We love lime! But it did not solve all of our problems, alas. The stretch of wall that encloses our entry courtyard, where the turquoise gate opens, has long been a tricky section. In a short time, our lime plaster began to crack and fall off on areas next to the gate. We patched it and sprayed a waterproofing coating – somewhat paradoxical, with lime’s breathability, but it was an experiment – and the same thing happened. We put cement over the top of the wall, and that failed just as quickly. Some browsing through the HSFF records of work on the building showed me that this was a trend, as far back as our records go people have been stripping, stuccoing, plastering, patching or otherwise working on this section of wall. It’s a mess. Observation over the last several years has led this preservation specialist to believe that this is because the wall gets weather on both sides, unlike the rest of the building where only one side is exposed to the elements and the other is a moisture and temperature buffering interior space, and also that rain and snow land on the top surface of the wall and can percolate in.

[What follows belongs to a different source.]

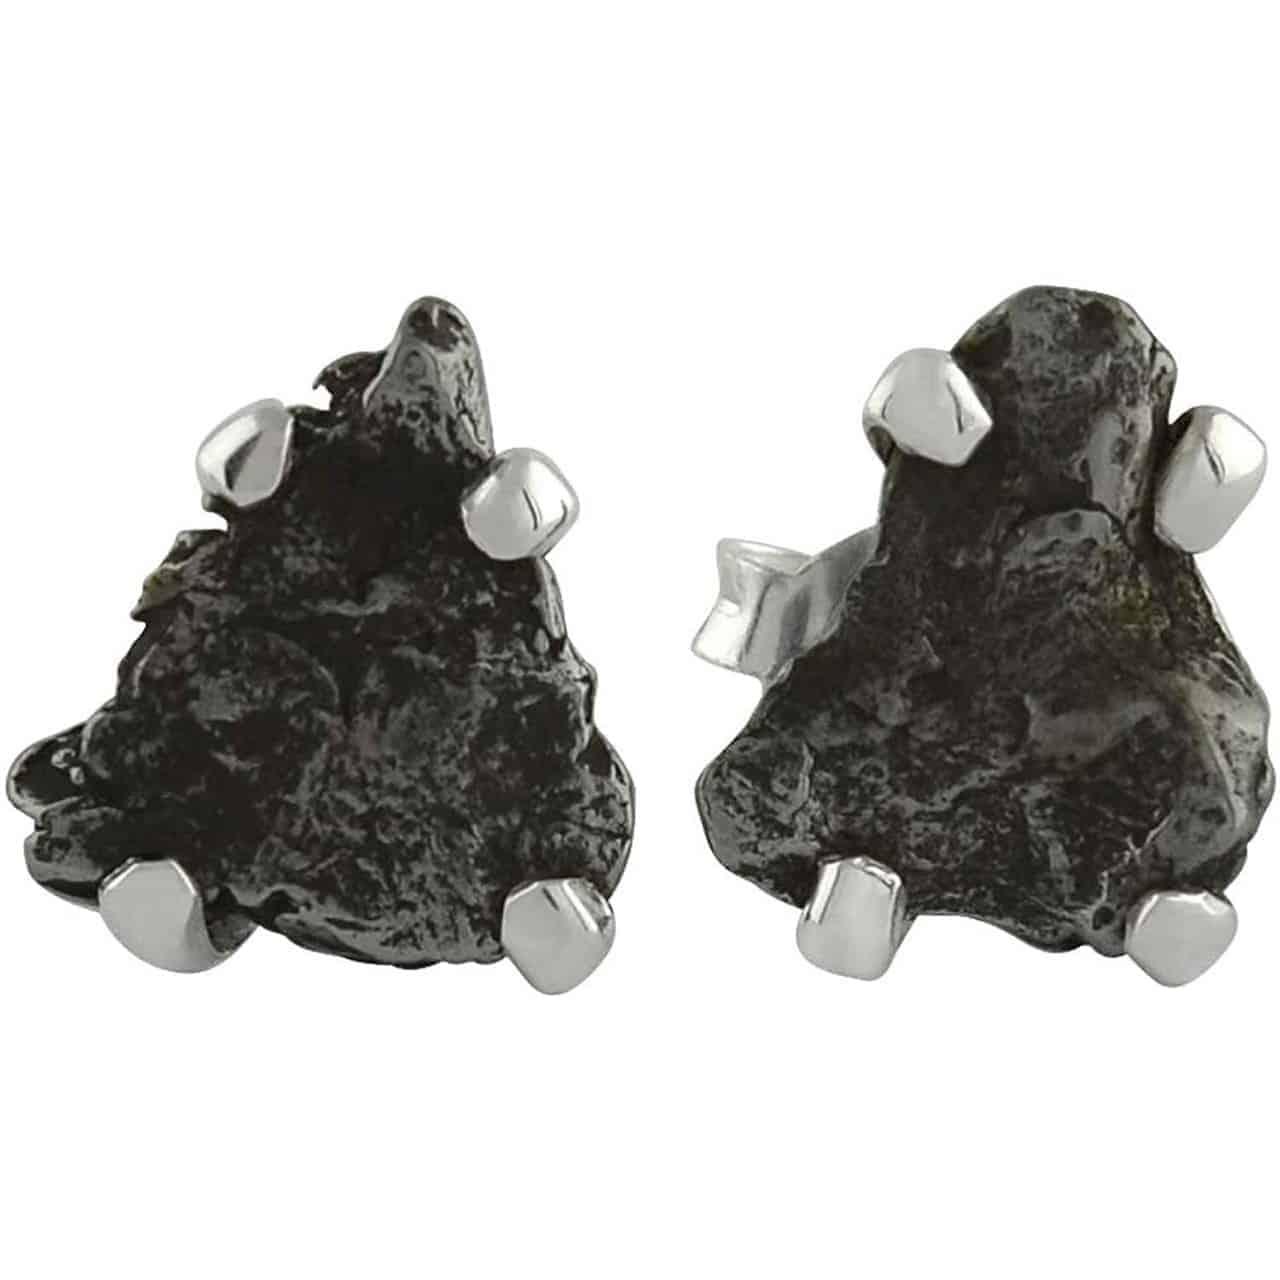 Meteorite slice meteorite men meteorite gift meteorite crystal meteorite iron meteorite fragment meteorite natural meteorite cabochon

Our solution to this problem? Embrace it as an opportunity. We are opting to leave a mud plaster finish here, no additional coating. This is the most traditional finish for adobe. Yes, it will require some maintenance, as mud plaster requires patching and reapplication every year or two, depending on weather conditions. When that time comes, we hope to invite all of you, our community, to join us in getting our hands dirty. It promises to be a good time.